'''

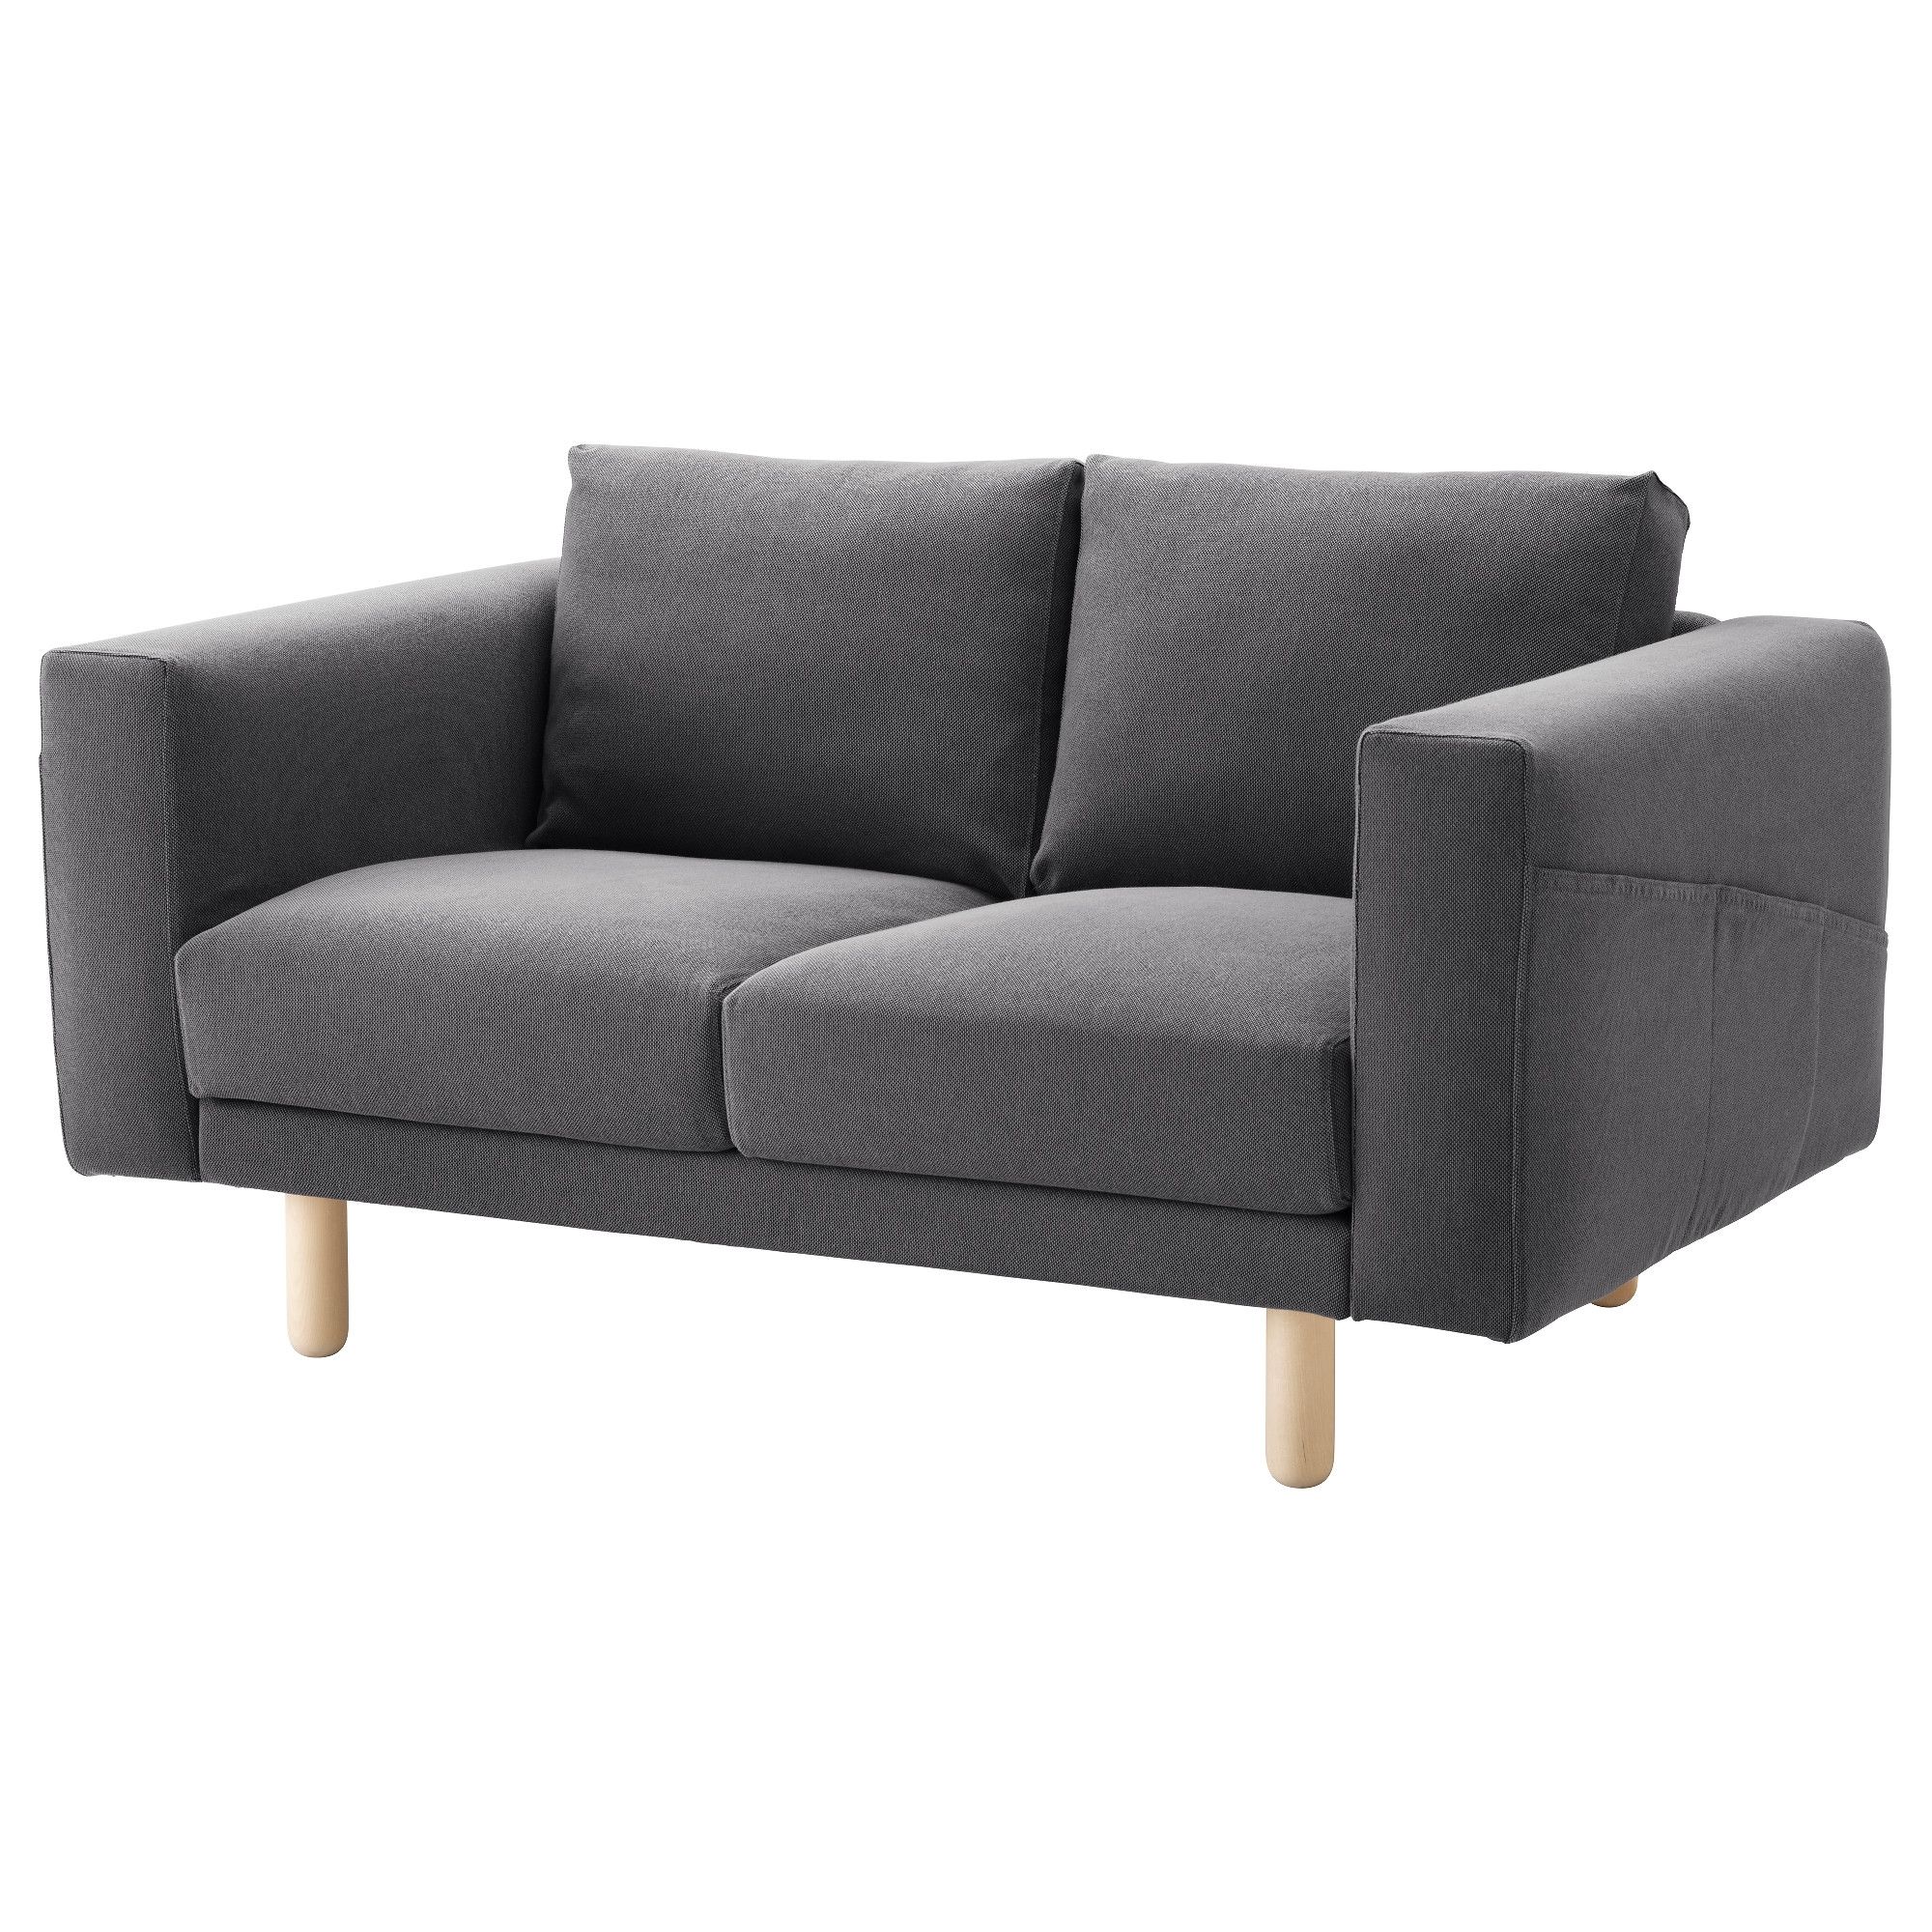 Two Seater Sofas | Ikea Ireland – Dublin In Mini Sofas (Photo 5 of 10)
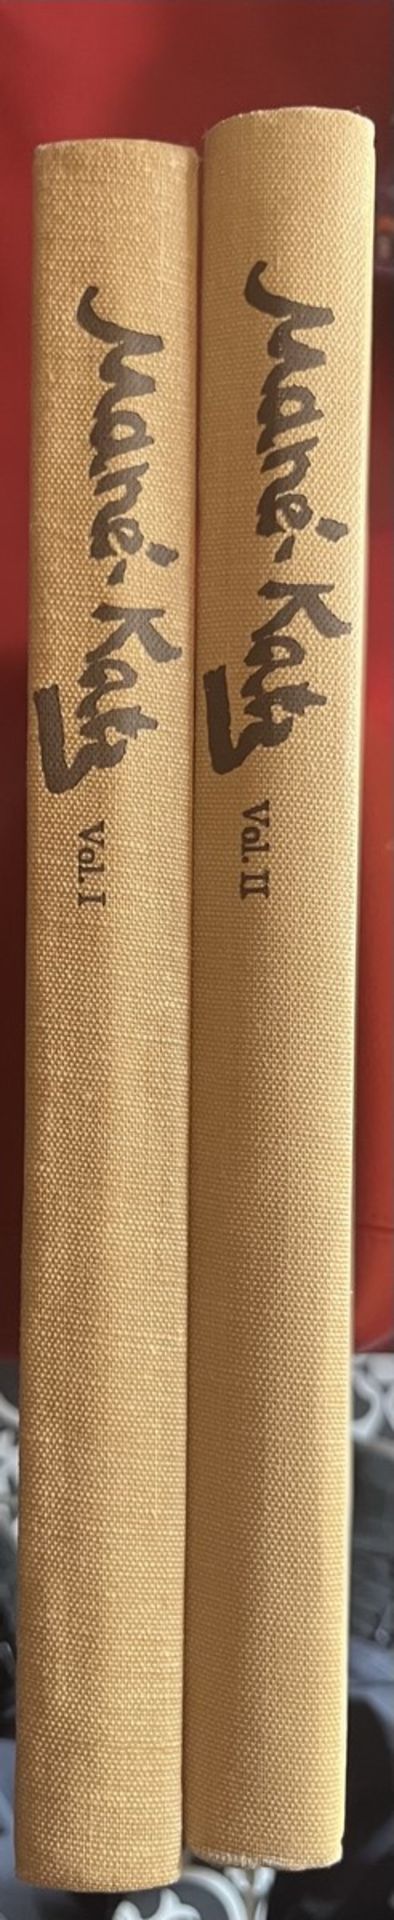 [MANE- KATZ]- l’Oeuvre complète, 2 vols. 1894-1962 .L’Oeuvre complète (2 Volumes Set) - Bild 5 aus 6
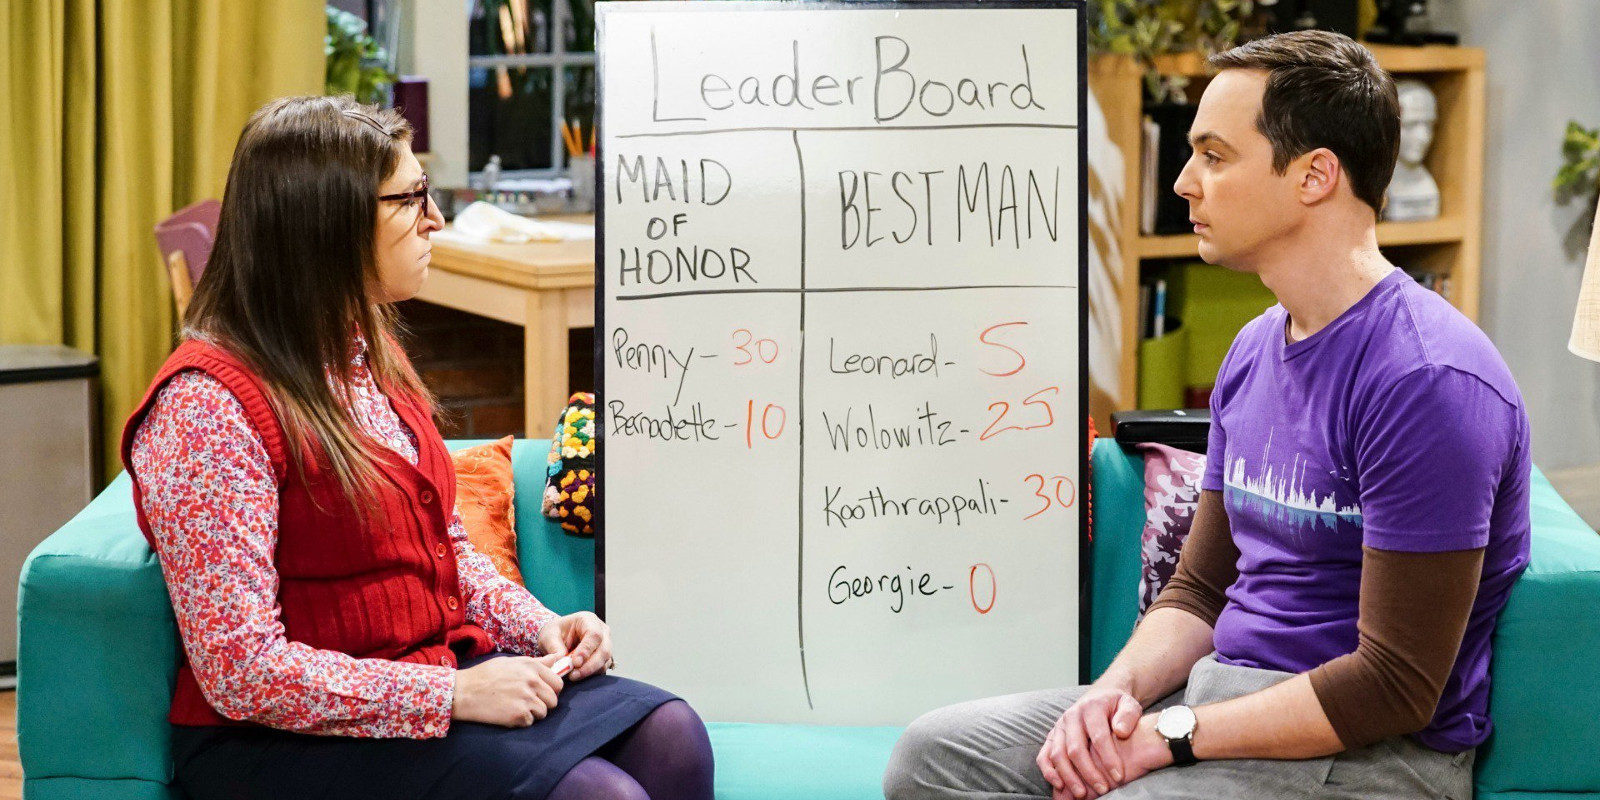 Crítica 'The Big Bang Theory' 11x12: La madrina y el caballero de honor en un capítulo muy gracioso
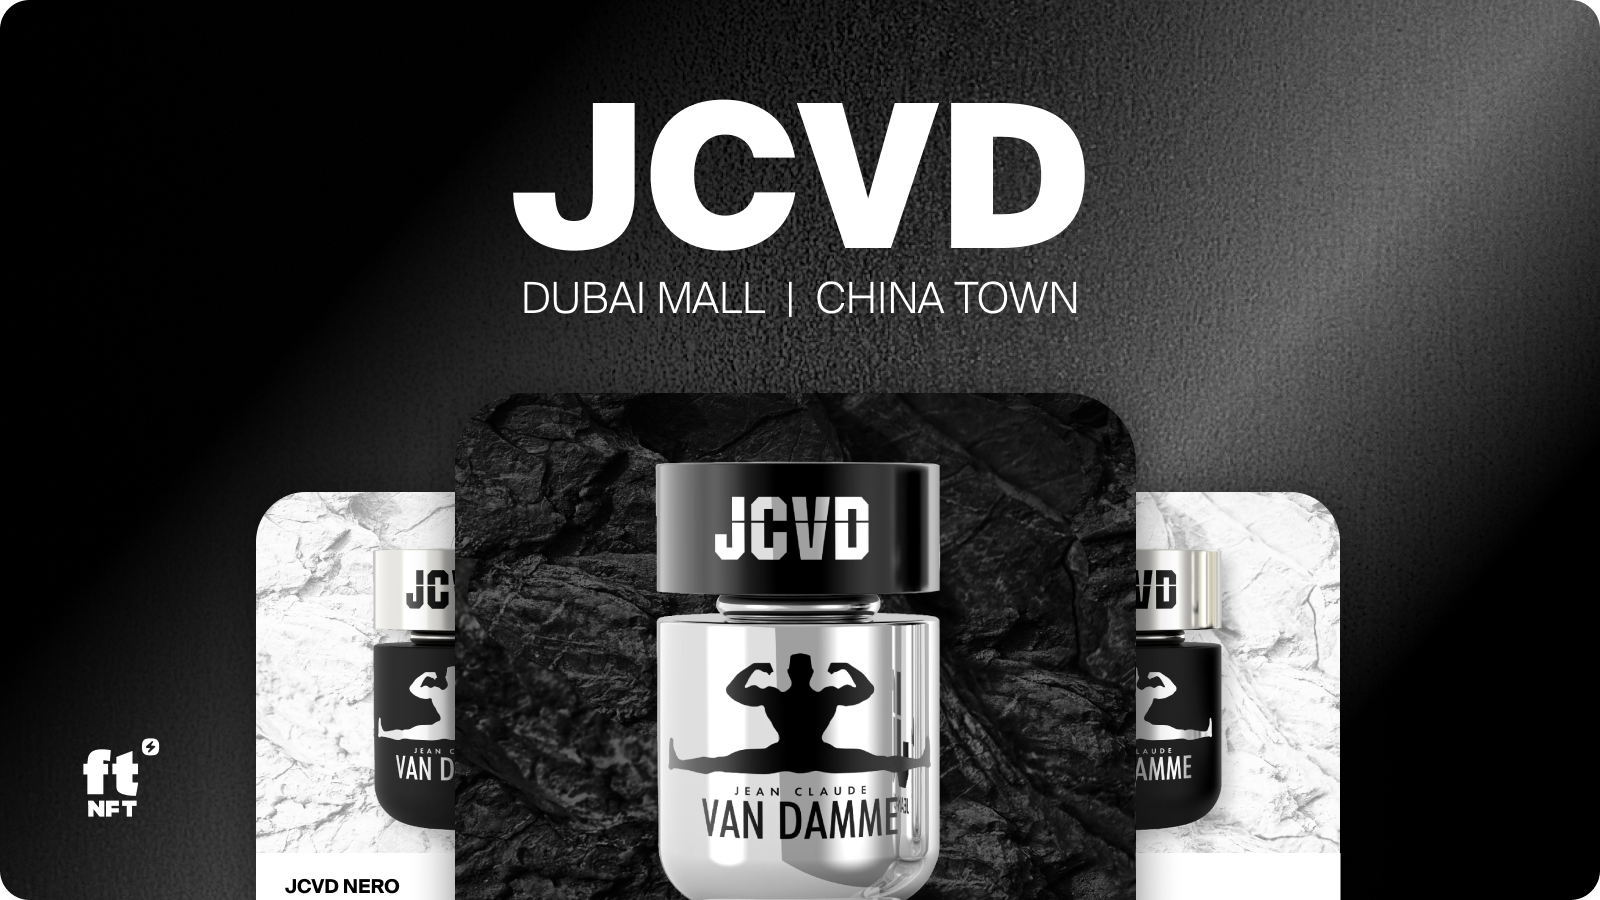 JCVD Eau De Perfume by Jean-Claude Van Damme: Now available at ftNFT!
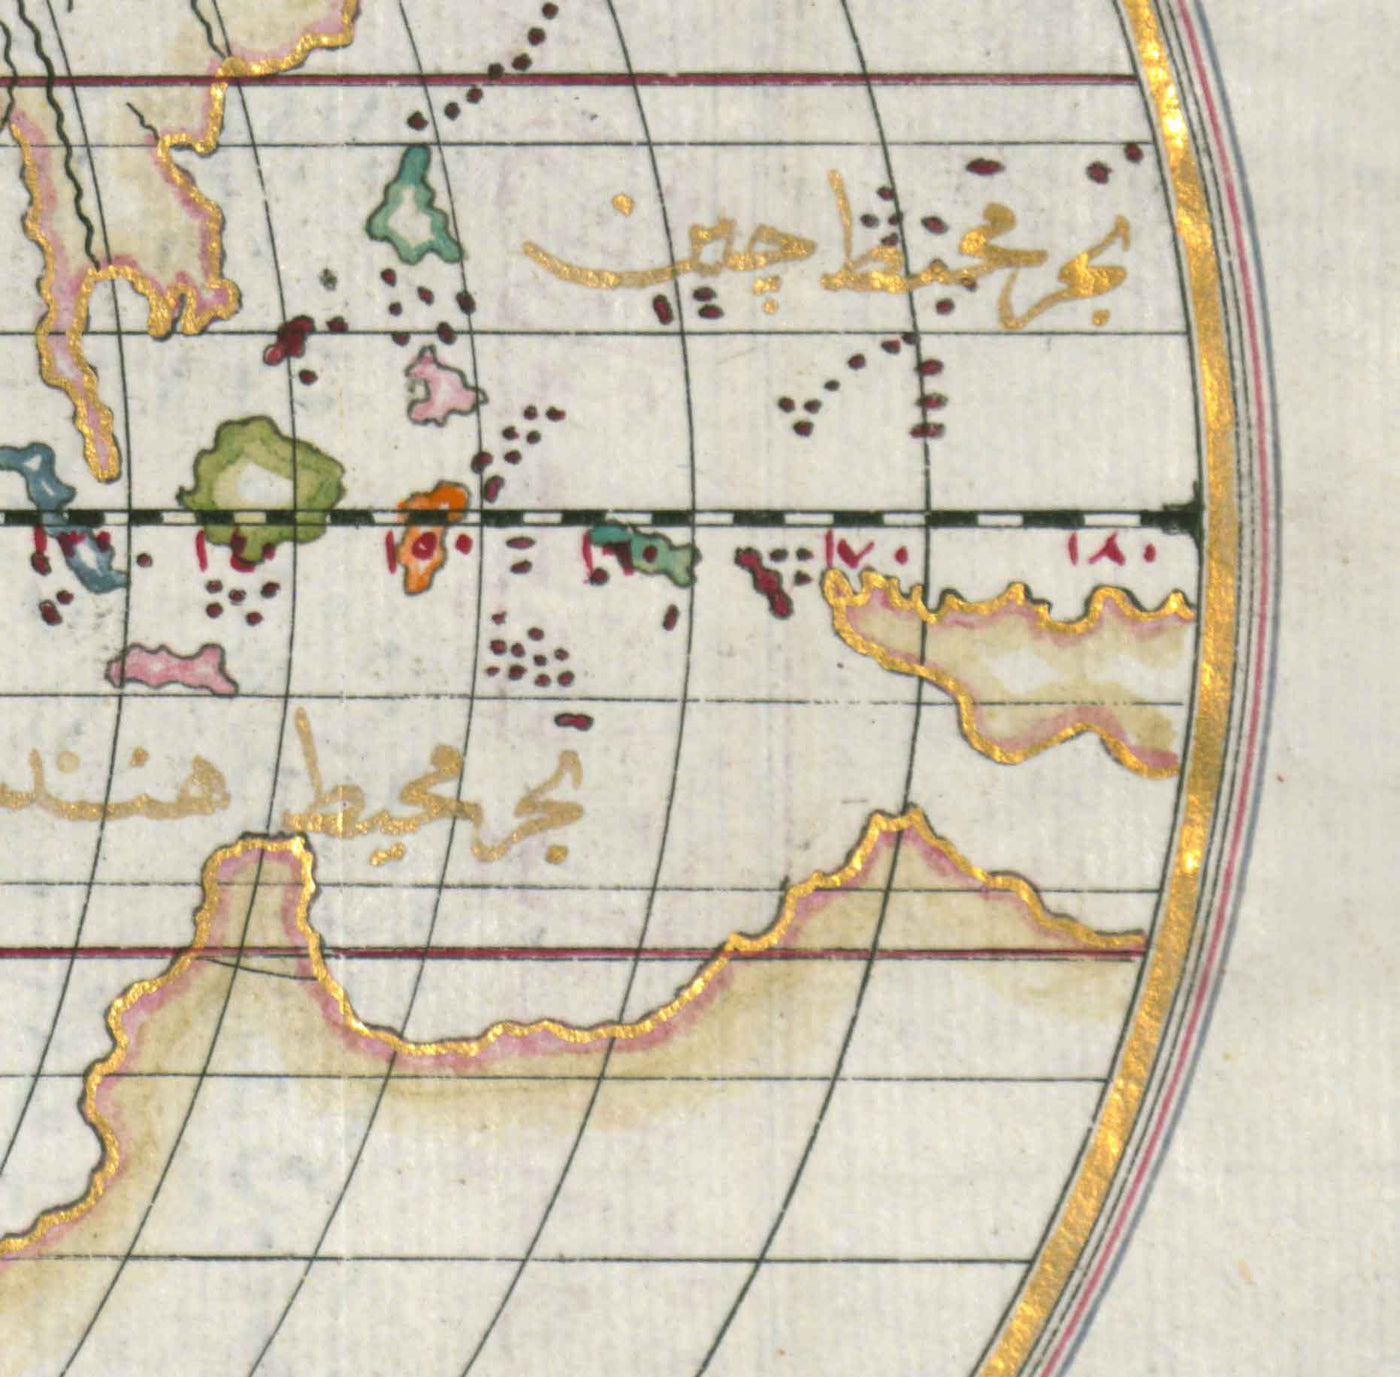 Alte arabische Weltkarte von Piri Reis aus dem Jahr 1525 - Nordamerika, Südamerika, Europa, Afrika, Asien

'''

Every picture stays out; reproduce exactly the lines from the one with "[MANE- KATZ]- l’Oeuvre" through the last line of the data above.

**YOUR RESPONSE:**
 [MANE- KATZ]- l’Oeuvre complète, 2 vols. 1894-1962 .L’Oeuvre complète (2 Volumes Set) - Bild 5 aus 6
 Crítica 'The Big Bang Theory' 11x12: La madrina y el caballero de honor en un capítulo muy gracioso
 JCVD Eau De Perfume by Jean-Claude Van Damme: Now available at ftNFT!
 Alte arabische Weltkarte von Piri Reis aus dem Jahr 1525 - Nordamerika, Südamerika, Europa, Afrika, Asien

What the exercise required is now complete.